Computer time does not count much in that game.

[+] beardyw|3 years ago|reply
I agree to some extent. I often trip myself up with filename and fileName (which is right?)

And then there is the hyphen in CSS for example background-color which in js is backgroundColor. (Colour spelt wrong to me in both cases!)

[+] eimrine|3 years ago|reply
This is so tabs vs spaces holywar. If you can type rather fast you can type any variable without autocomplete no matter how long. If I understood correctly, man years are wasted for more typing only.
[+] gjvc|3 years ago|reply
much less than by poor spelling
[+] shaky-carrousel|3 years ago|reply
Or by having to go and check if something is a constant, a variable or a class. Casing provides metadata about an element.
[+] est31|3 years ago|reply
The way Rust solves this inconsistency issue is by having a bunch of builtin style lints, that 95% of Rust code follows. The key word here is builtin, as in, they existed since 1.0 and are enabled in the compiler by default. You still have to deal with different naming conventions, but they only exist when you interface with some existing component/API.
[+] doctor_eval|3 years ago|reply
I was really hoping this was going to turn into a rant about visibility in Go.
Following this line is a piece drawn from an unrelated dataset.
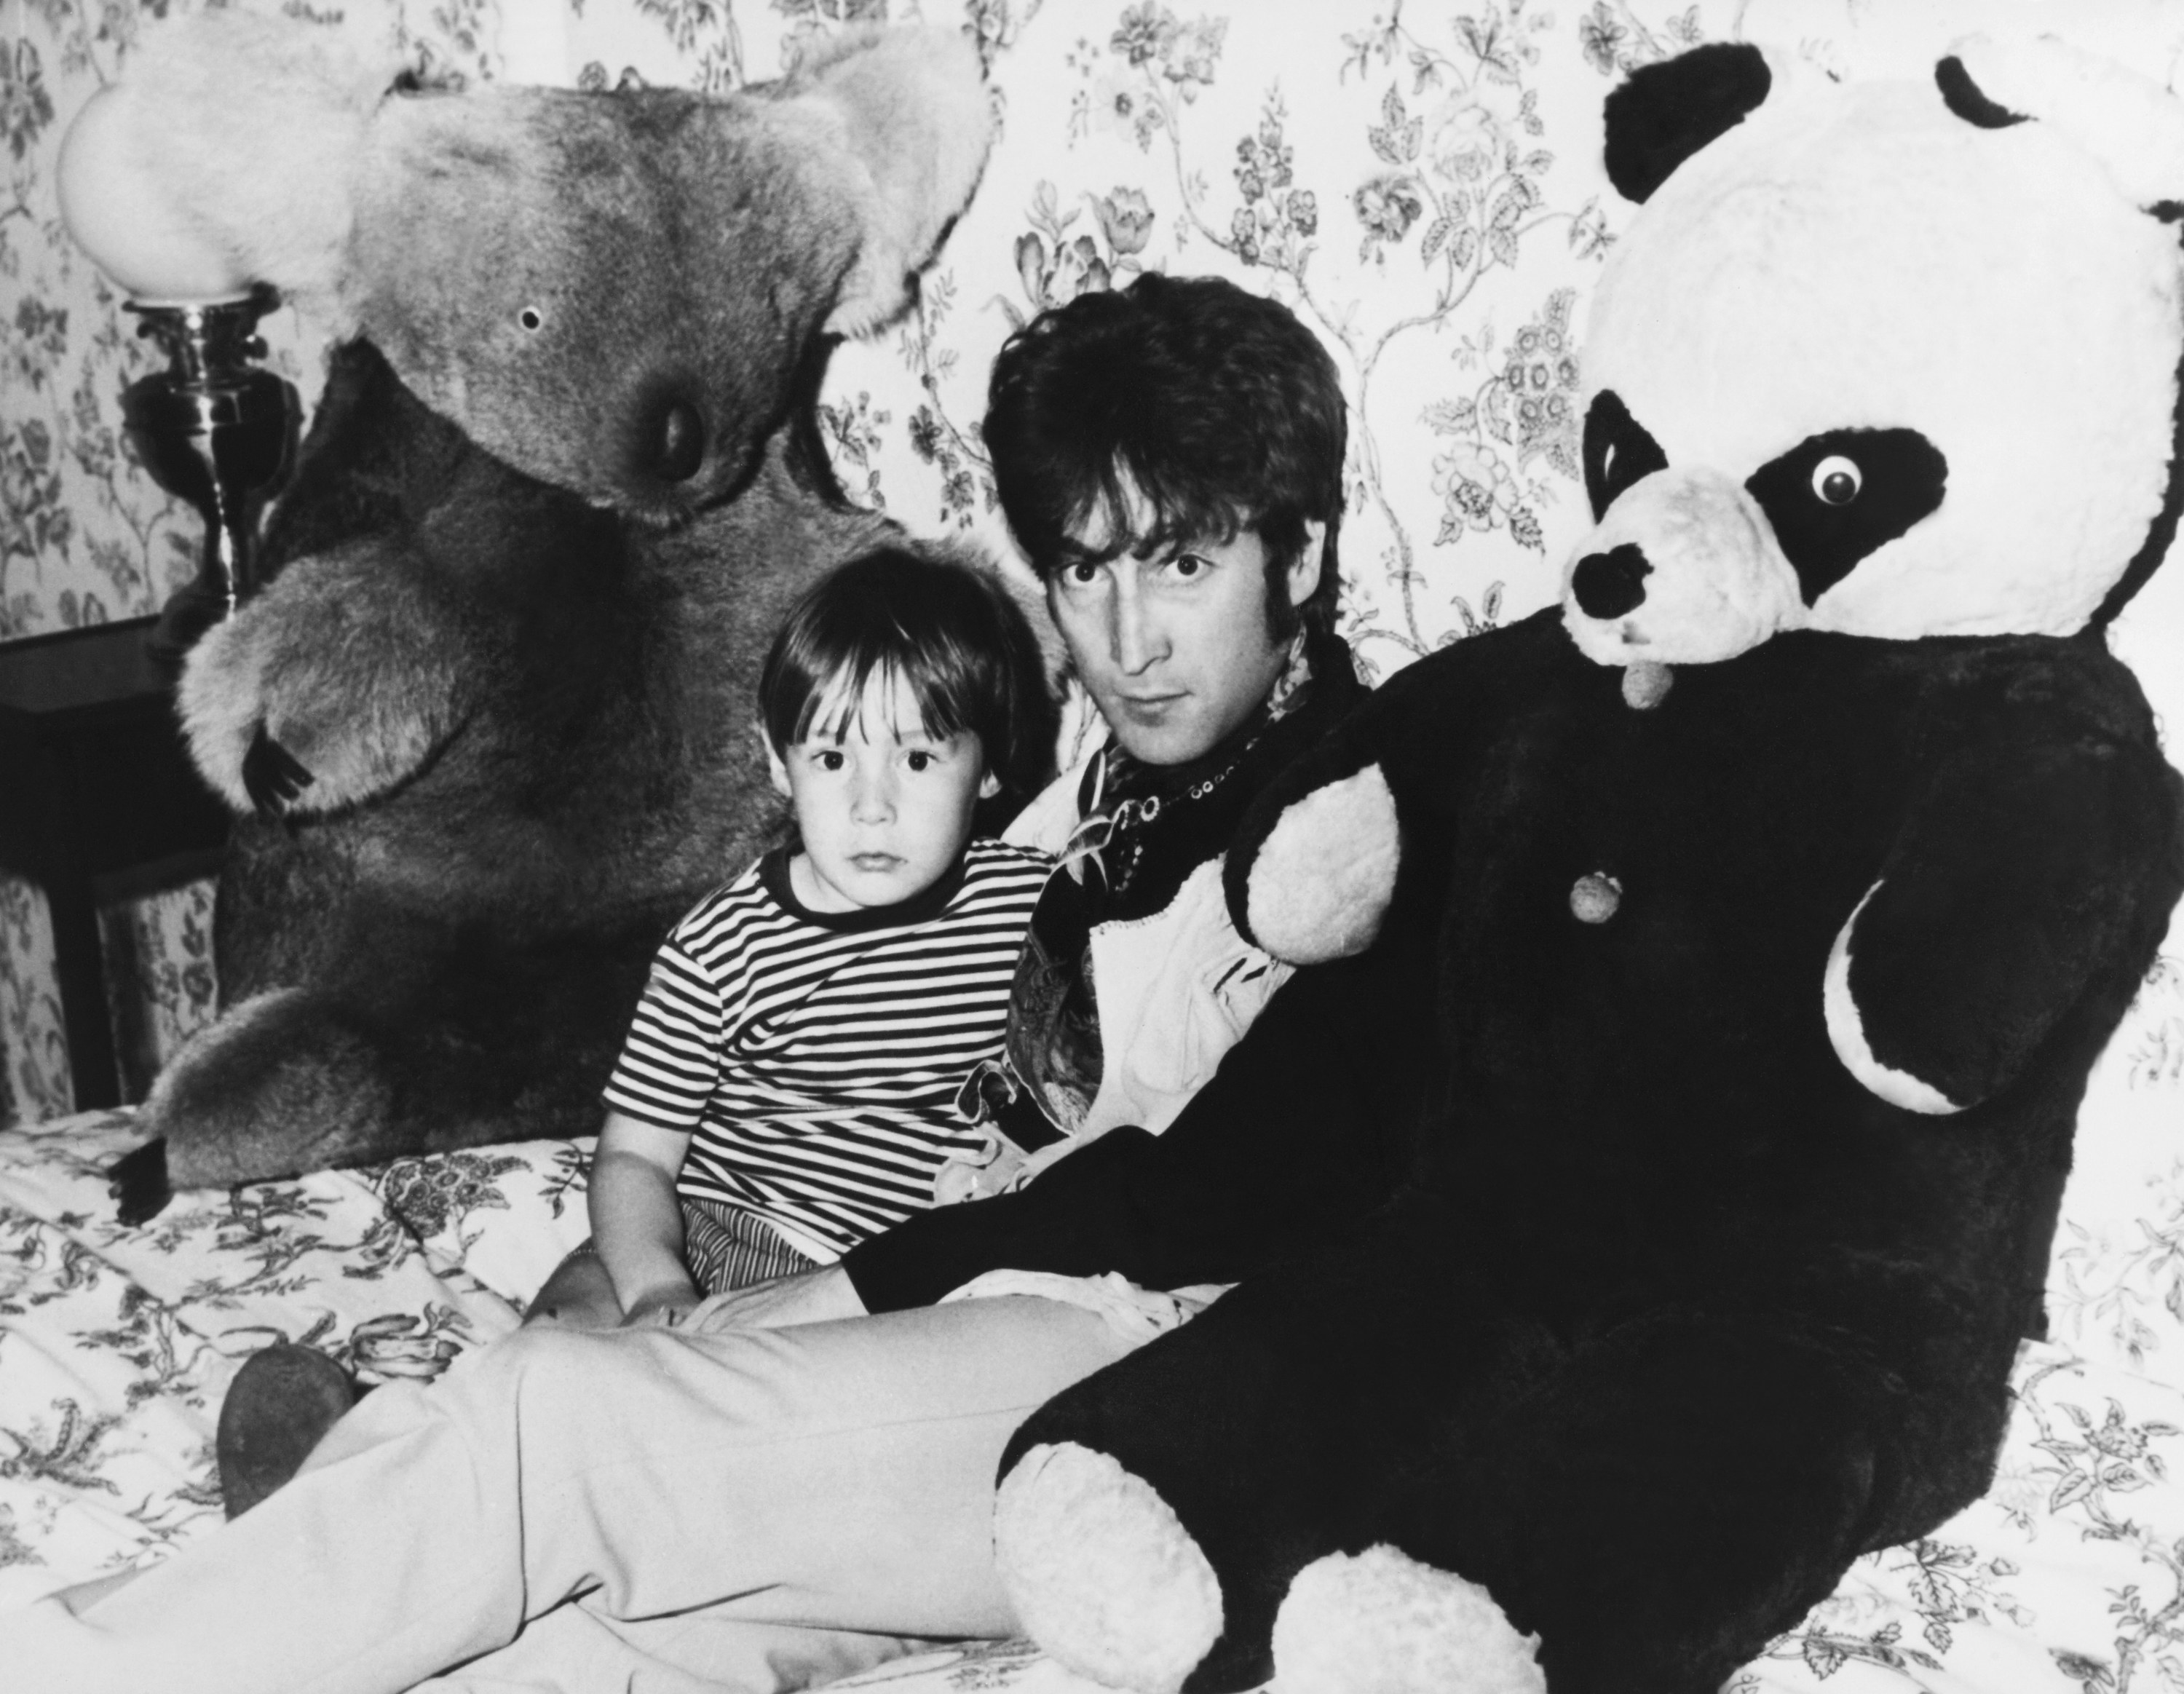 John Lennon and his young son on a bed with floral pattern sheets sitting between two giant stuffed bears
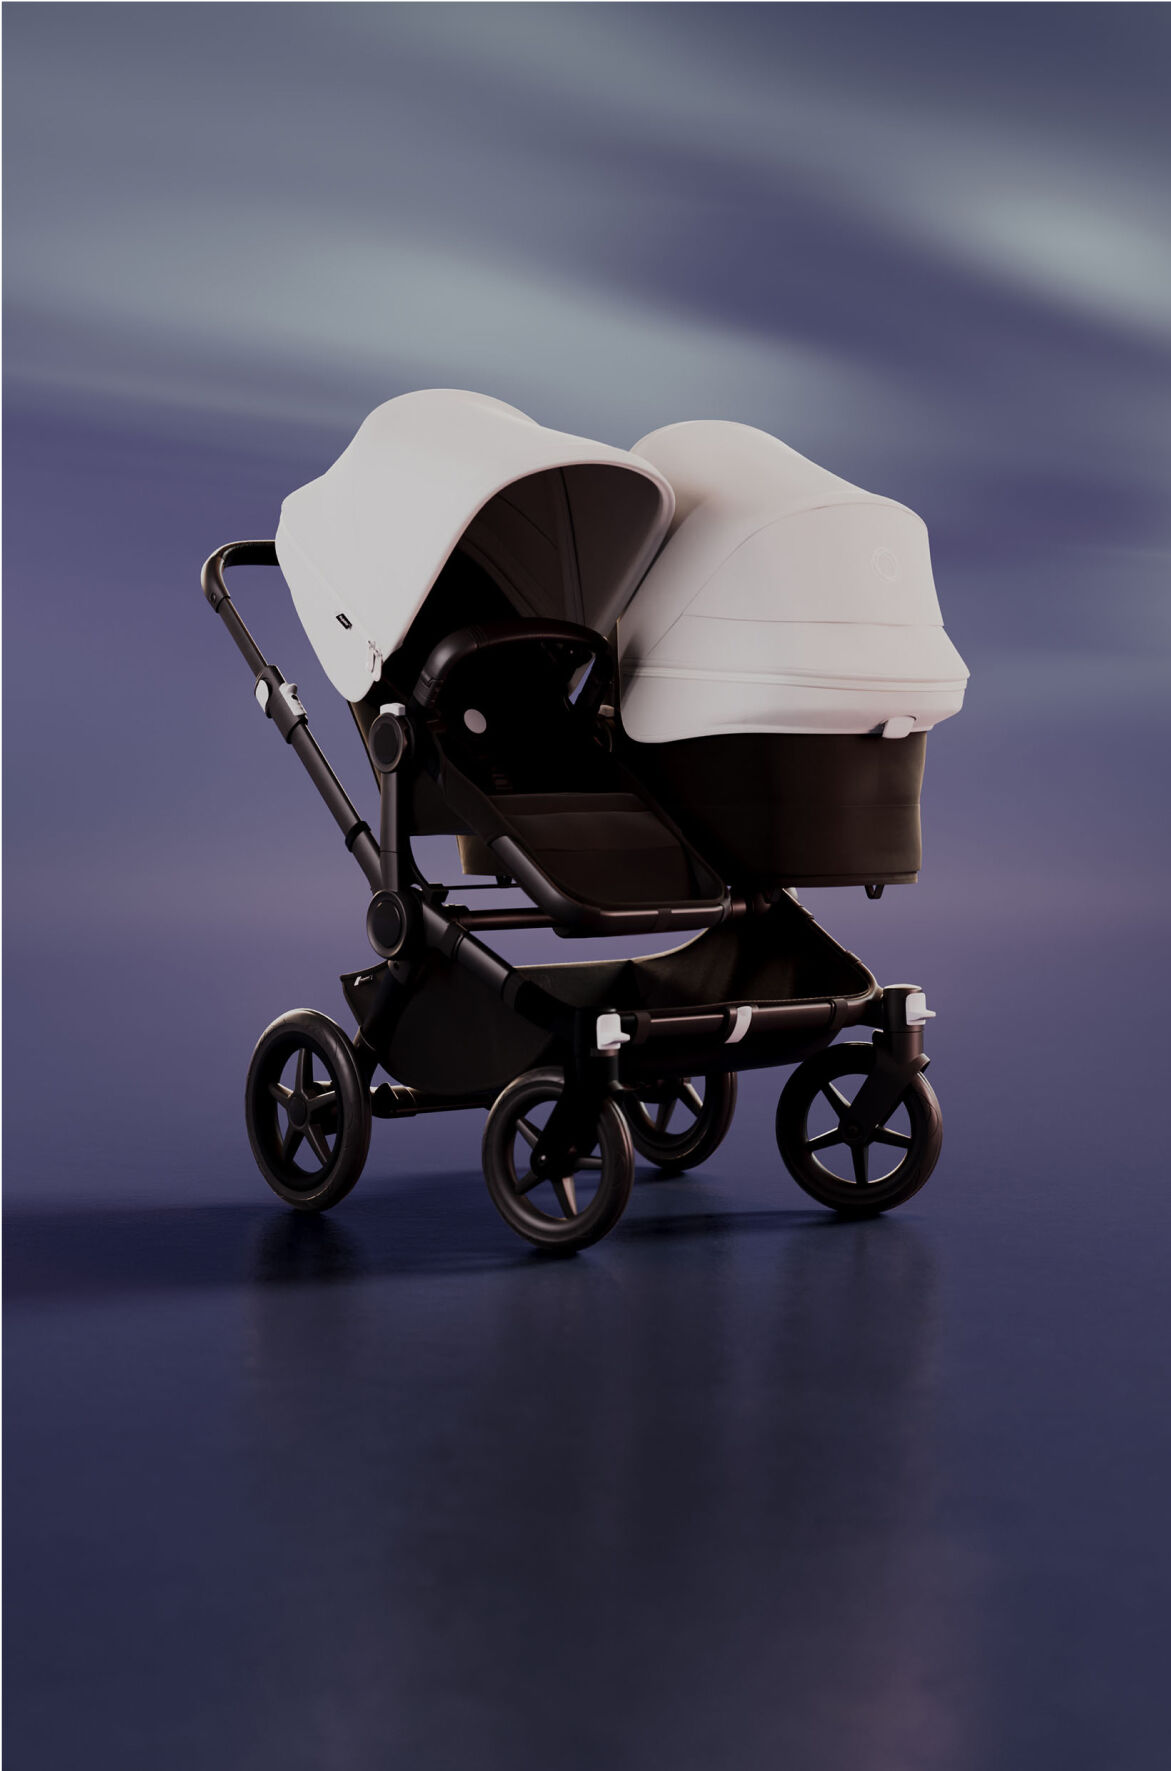 A Bugaboo Donkey 5 Duo stroller with a seat and a bassinet. The sun canopy is in Misty White. The background is blue with streaks of white.

As much as I like Go, I really dislike the use of upper case to make things public. About the only thing I miss about Java is the convention of using capitalised words for types and lowercase for fields, methods and variables.

I must hit a name conflict in Go every second week.

[+] jansan|3 years ago|reply
There is also kebap case, which is used in CSS for example.

    number-input-wrapper { background-color: goldenrod; }
But to be honest, for me those conventions are one of the smallest problems when programming.

Oh, and whoever uses lower case snake case in any circumstance needs a slap on the wrist IMO.

[+] mcv|3 years ago|reply
Isn't the real problem here that people unfamiliar with the Latin alphabet will have to learn the Latin alphabet?

I suppose they could design programming languages using the Chinese alphabet (maybe they already have? I wouldn't know) that use different conventions[0].

[0] Convention is with a 't', by the way.

[+] DiogenesKynikos|3 years ago|reply
Chinese kids already learn the Latin alphabet, even before they learn how to write Chinese characters.

The Latin alphabet is used as a stepping stone towards learning how to write, and as an input method for computers and phones (you type the pronunciation of the character you want to write, and then select from a list of characters that are homophones).